The short- and long-term risks of both recurrence and progression may be estimated for individual patients using the scoring system and risk tables. The stratification of patients to low, intermediate, and high-risk groups—separately for recurrence and progression—represents the cornerstone for indication of adjuvant treatment. In patients at low risk of tumour recurrence and progression, one immediate instillation of chemotherapy is strongly recommended. In those at an intermediate or high risk of recurrence and an intermediate risk of progression, one immediate instillation of chemotherapy should be followed by further instillations of chemotherapy or a minimum of 1 yr of bacillus Calmette-Guerin (BCG). In patients at high risk of tumour progression, after an immediate instillation of chemotherapy, intravesical BCG for at least 1 yr is indicated. Immediate cystectomy may be offered to the highest risk patients and in patients with BCG failure.
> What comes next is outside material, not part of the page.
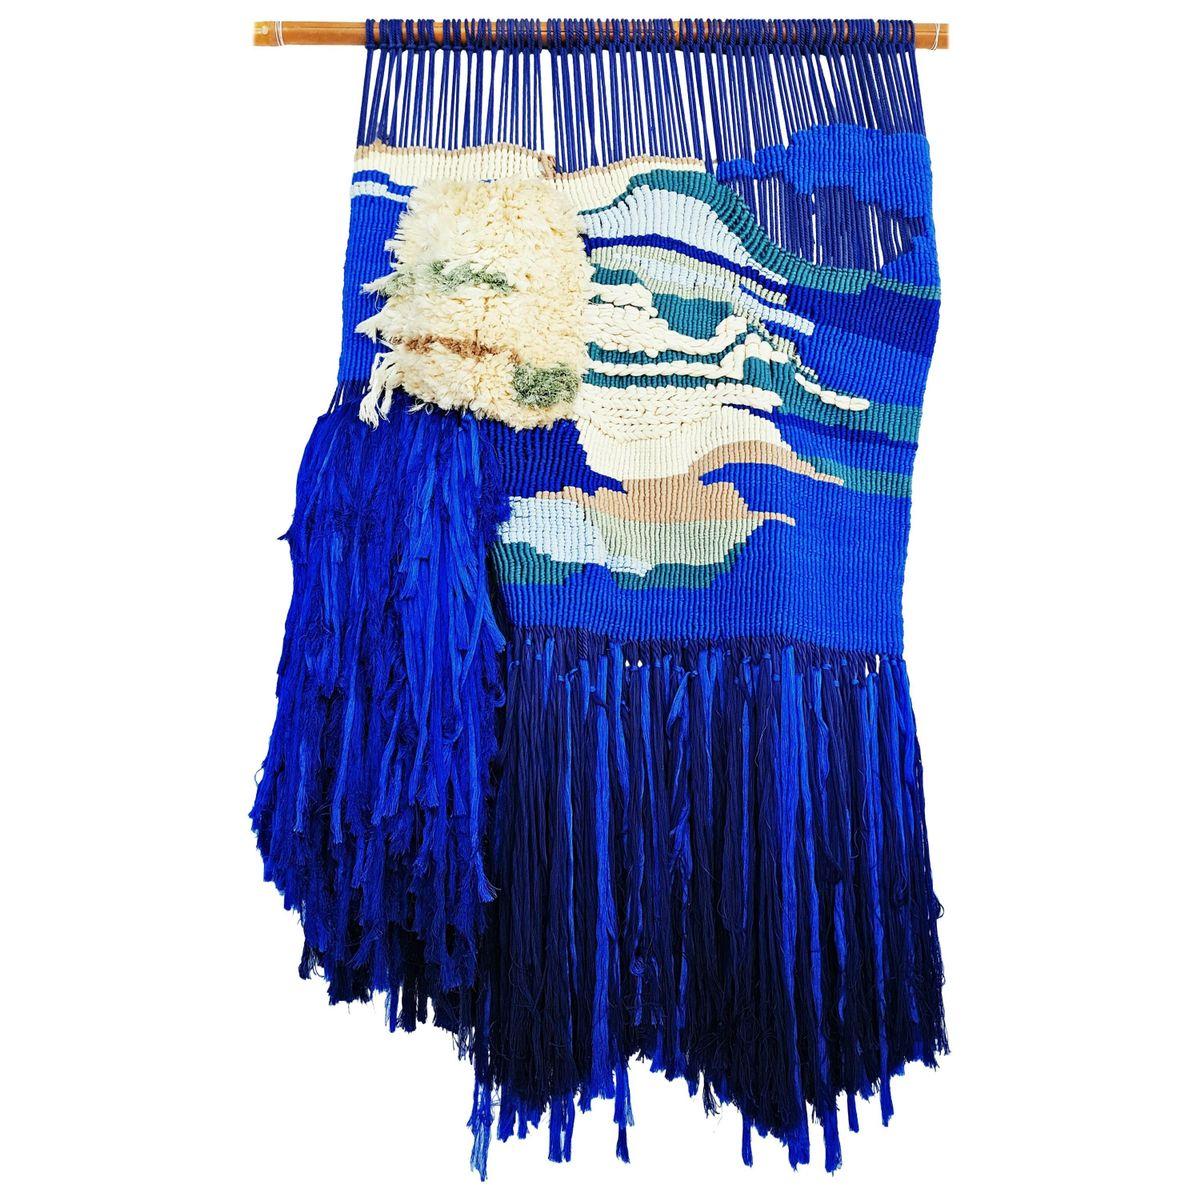 Großer indigoblauer Wandteppich, 1960er | Heimtextilien > Teppiche > Wandteppich | Mehrfarbig | Naturfaser

The long version of the guidelines is available on www.uroweb.org.

Conclusions

These EAU guidelines present the updated information about the diagnosis and treatment of non-muscle-invasive bladder cancer and offer the recent findings for the routine clinical application.

Take Home Message

The EAU guidelines on non-muscle-invasive bladder cancer present updated information on the diagnosis and treatment of this disease. Recent findings are provided for their routine application in clinical practice.

Keywords: Bacillus Calmette-Guerin (BCG), Bladder cancer, Cystectomy, Cystoscopy, Diagnosis, EAU Guidelines, Follow-up, Intravesical chemotherapy, Prognosis, Transurethral resection (TUR).